# [Information shown]
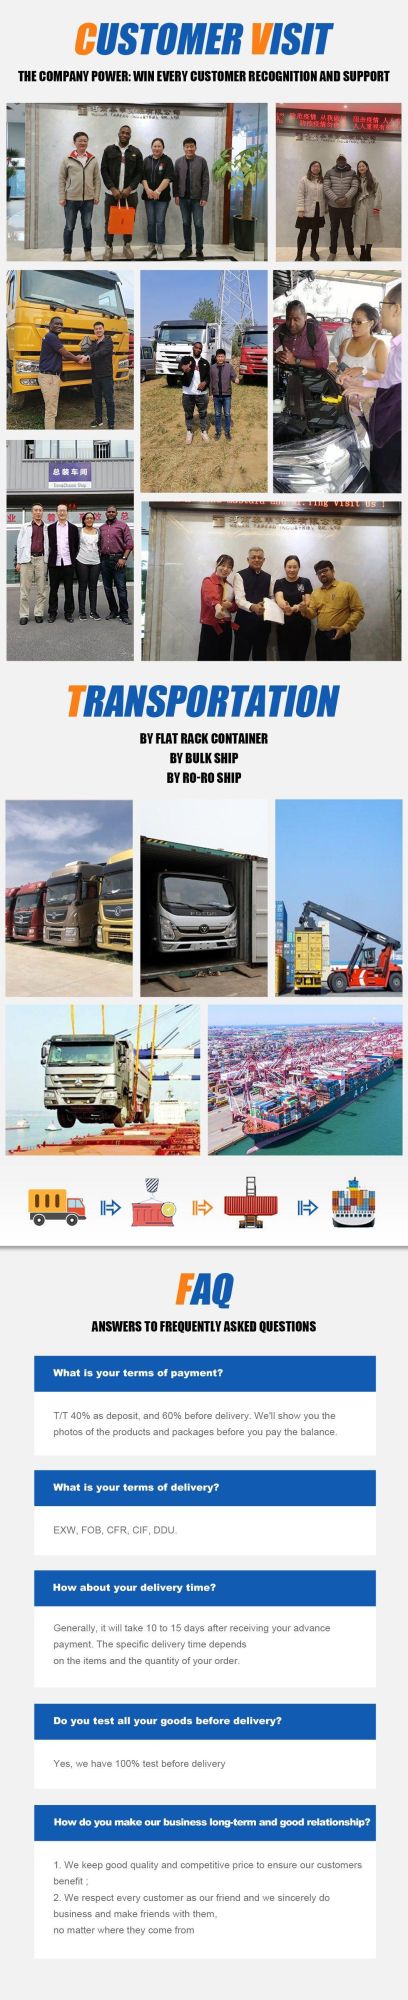 Truck Crane 25tons, 30 Tons, 35tons, 50tons Mobile Crane Machine for Construction at Good Price
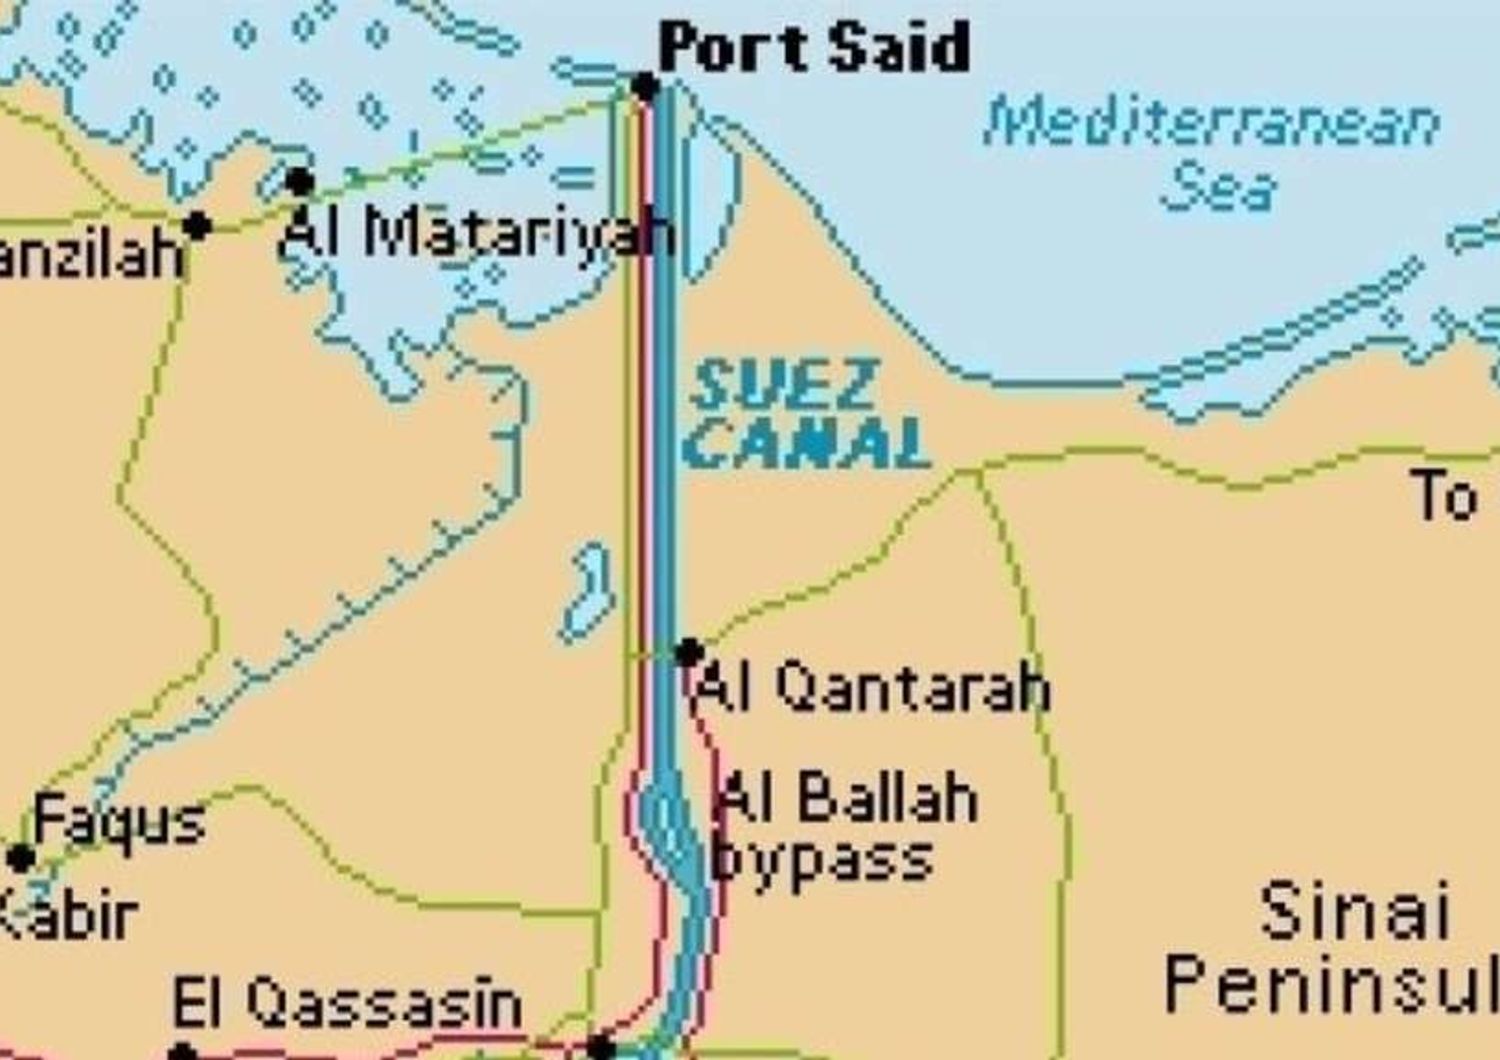 Italian companies eager to invest in Suez Canal project
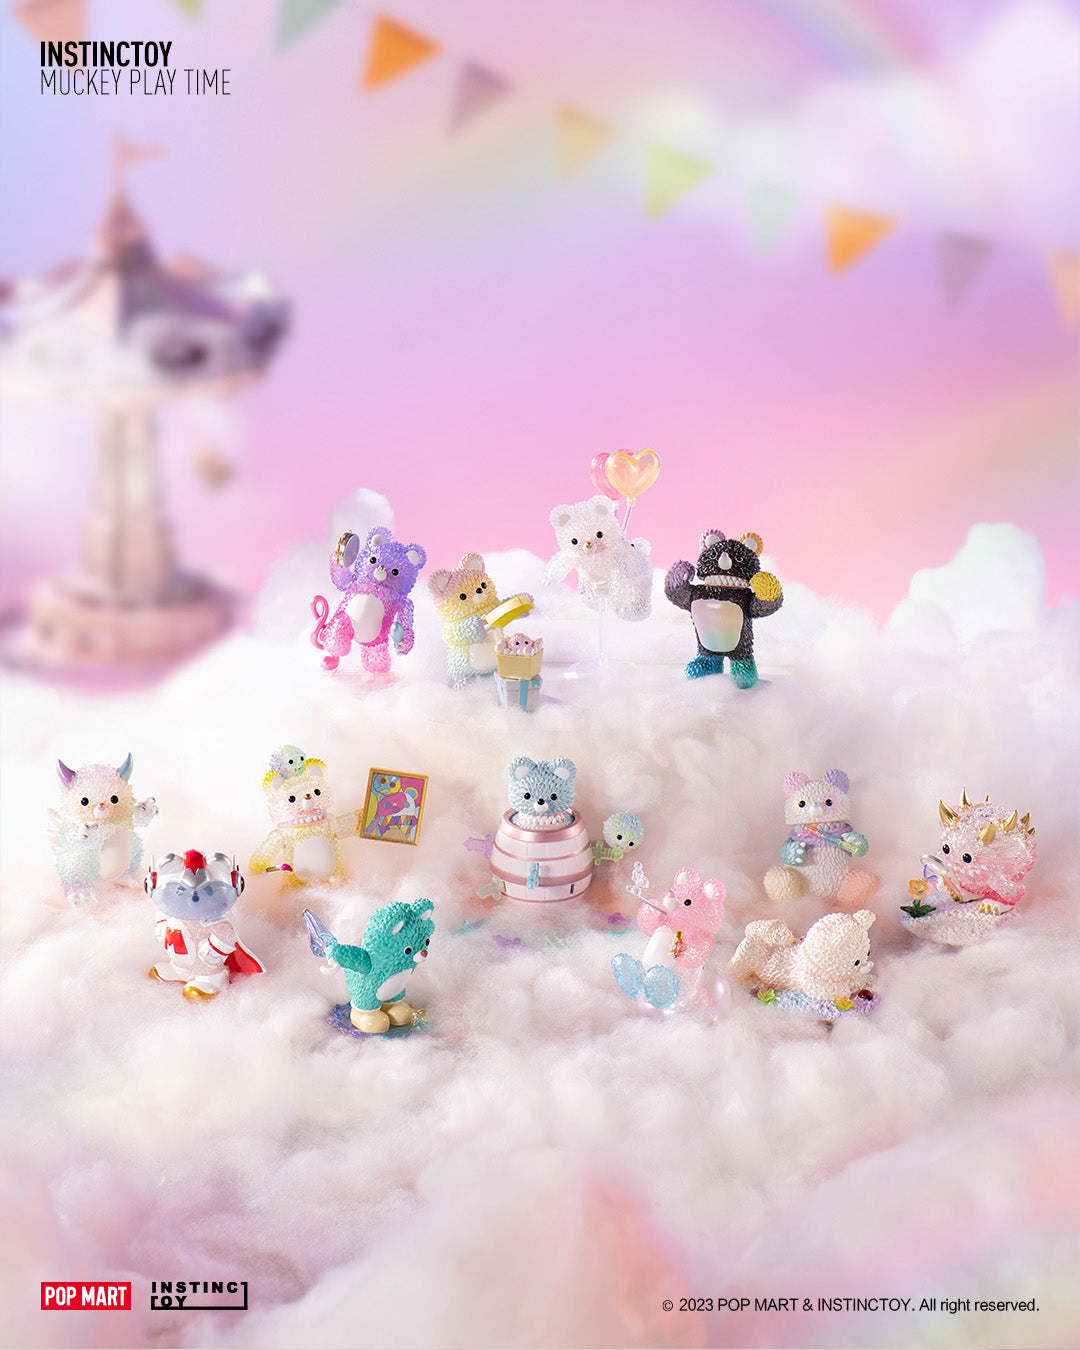 Muckey Play Time Blind Box Series by Instinctoy

# [What you have to do]
Apart from the pictures, every line above must be printed exactly.

# [Task result]
 Truck Crane 25tons, 30 Tons, 35tons, 50tons Mobile Crane Machine for Construction at Good Price
 Italian companies eager to invest in Suez Canal project
 Muckey Play Time Blind Box Series by Instinctoy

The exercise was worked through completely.